Deleting the local cache did not fix it.

That does seem like it would lead to the problem I experienced.

To confirm: you deleted the local cache from under .duplicacy/repositories, ran backup to b2, immediately ran check, and the newly created revision fails check?

In my case, I ran

find ~/.duplicacy-web -name cache | while read d; do rm -rvf "$d"; done

which deleted the caches for all the Duplicacy Web UI backups.

Then, yes, I ran backup to b2, then check (both commands via the Web UI), and the newly created revision failed the check. The operations followed each other “immediately” in the sense that they there were no prune operations in between them, although a few hours elapsed due to the schedule of the human running the commands :slightly_smiling_face:

Ok, this is very puzzling.

Did you verify that cache subfolders are actually gone? in case there are some permission issues.

Can you add another backup destination in e.g. /tmp, or some sftp server, etc, perhaps for a subset of data, and test backups into there, to rule out B2 shenanigans? (The fact that it works with --hash may be some timing related stuff.

Also, I assume there are no failures in the backup log from B2?

Yes.

I did not see any failures in the logs.

After reading the Backup function in duplicacy_backupmanager.go, I have a clearer understanding of how the process works.

Chunks from the previous revision are never (re)uploaded

The backup function reads a list of chunks IDs from the last snapshot revision into a variable chunkCache. To populate chunkCache, the code looks at which chunk IDs are referenced by the previous snapshot revision. It does not verify whether those chunks actually exist on the storage.

// This cache contains all chunks referenced by last snasphot. Any other chunks will lead to a call to
// UploadChunk.
chunkCache := make(map[string]bool)

Importantly for this discussion, the code comment’s inverse is also true: any chunk which is listed in chunkCache is not uploaded.

In other words, Duplicacy will not, under any circumstance, attempt to upload any chunk that the previous snapshot revision already refers to.

File metadata is compared with the previous revision

I also see that the function looks to see if each local file has an exact match (by path, date and size) in the last snapshot revision. If it does, it just copies the chunk-id references from the last revision. It doesn’t make any attempt to (re)upload those chunks or verify whether they still exist on the storage.

However with the -hash option, the list of files in the last revision is ignored, and as a result, all local files are considered “new”, i.e. suitable for backing up.
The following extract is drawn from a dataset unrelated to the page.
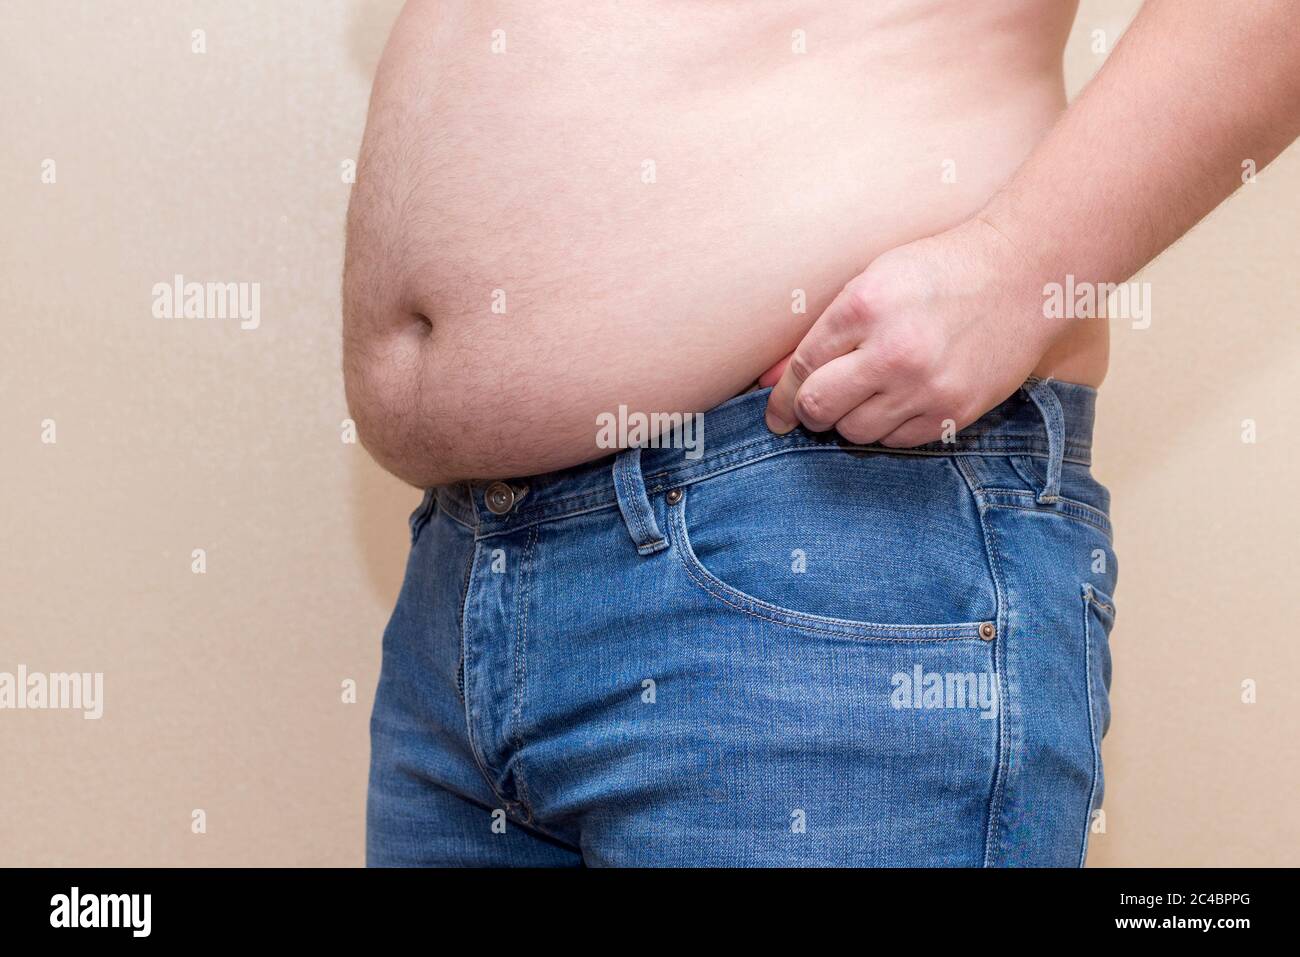 Mann trägt blaue Jeans, dicken Bauch Nahaufnahme, das Problem von  Übergewicht Stockfotografie - Alamy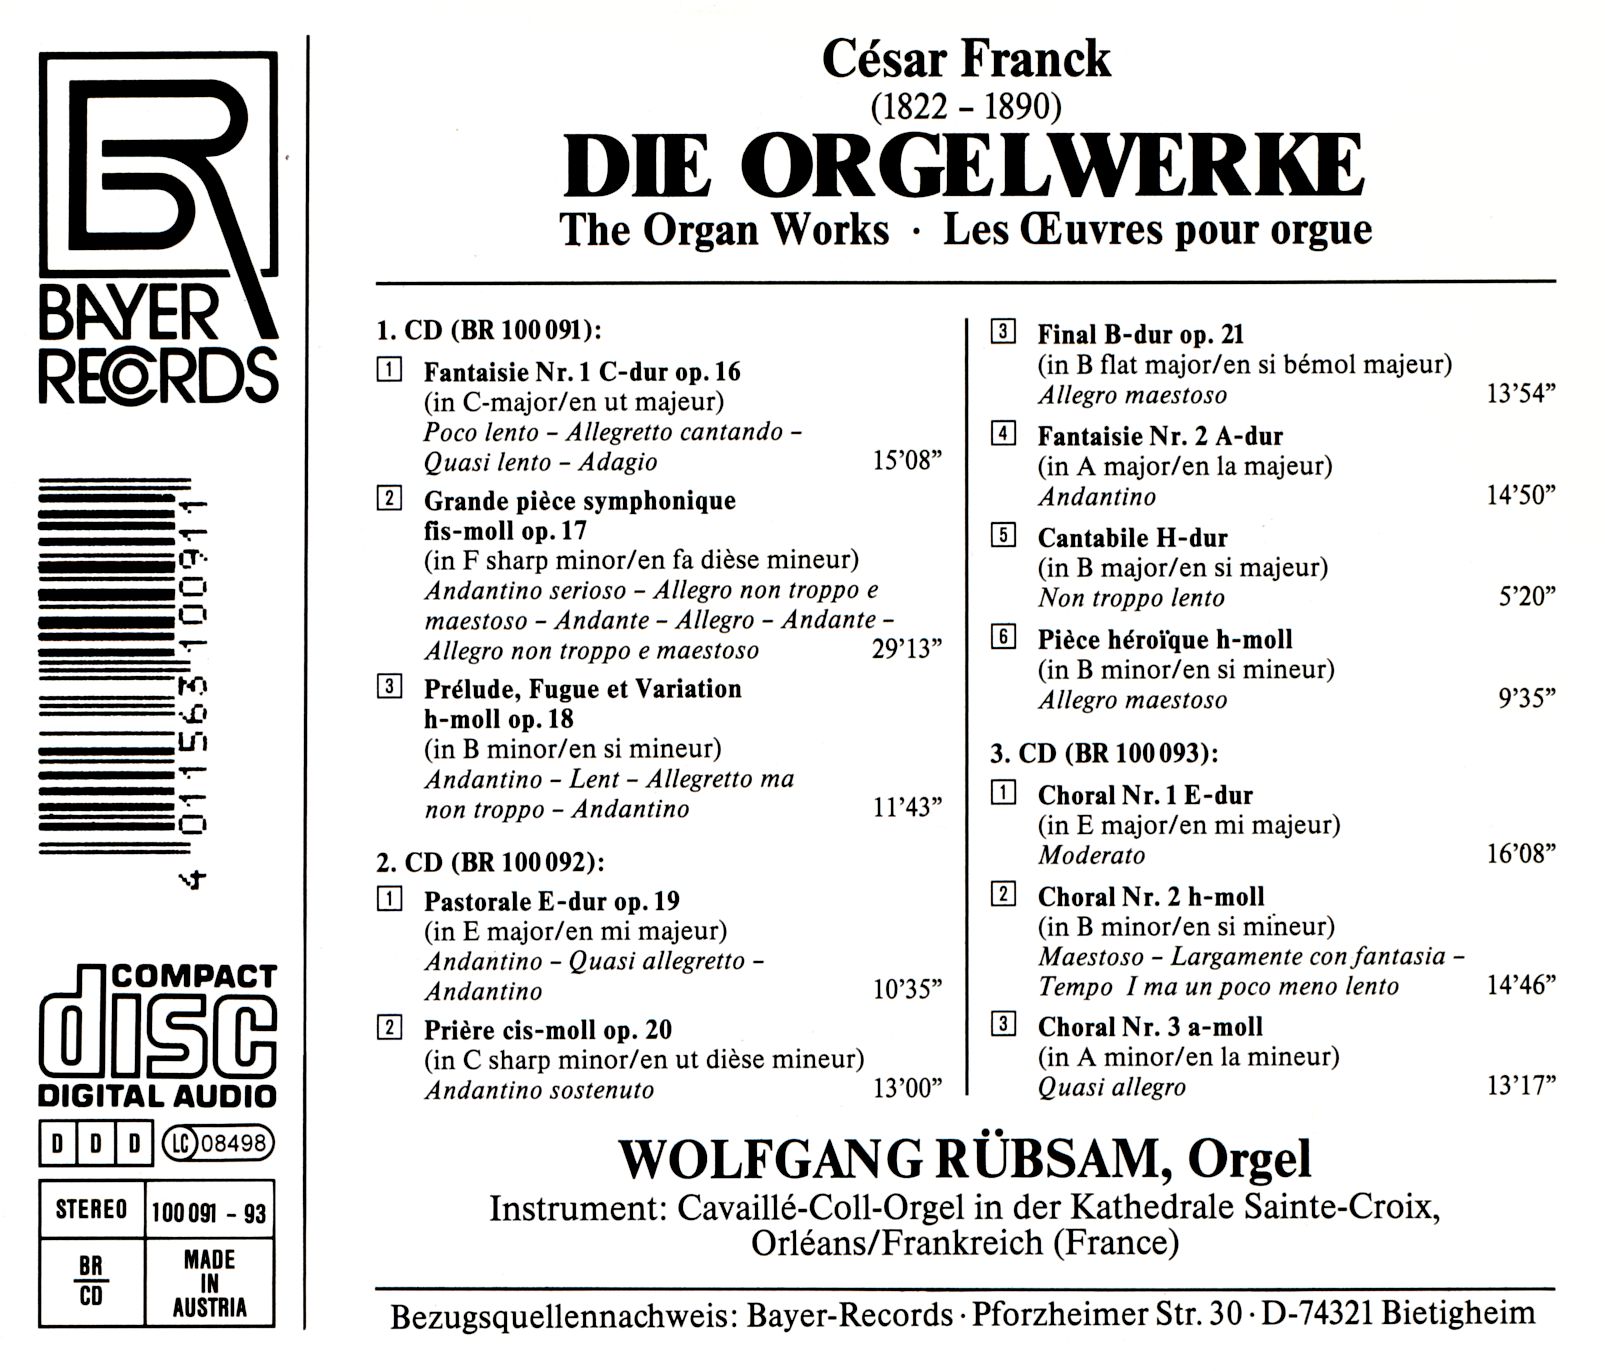 César Franck - Das Orgelwerk

Everything goes into the chunker, all at once. This may result in a different chunking than previous revisions produced (see below).

TL;DR A new snapshot revision can be missing chunks, inherited from the previous revision

— unless the -hash option is used.

Read on for more of what I learned about trying to recreate missing chunks.

But can missing chunks be recreated?

The same file may be represented by different chunks in different contexts

My attempt at reading duplicacy_chunkmaker.go leads me to believe that a given chunk can contain data from more than one file. Files may be fed into the chunk maker in different orders / different combinations each time a backup runs, depending on the state of the file system at the time. Therefore, the exact same file will end up being chunked differently at different times — particularly the starting and ending data of files, and small files.

Please correct me if I’m misinterpreting the chunk maker’s behavior.

Therefore it may not be possible to get Duplicacy to recreate and reupload missing chunks, even if the source data still exists

The way that duplicacy creates and uploads chunks depends not only on the current state of files in the repository, but also on the complex ways that the filesystem has changed throughout the backup history. A given chunk may encode parts of two or more files which happened to be eligible for uploading at a particular moment, and it may be practically impossible to recreate the exact state that led to that chunking.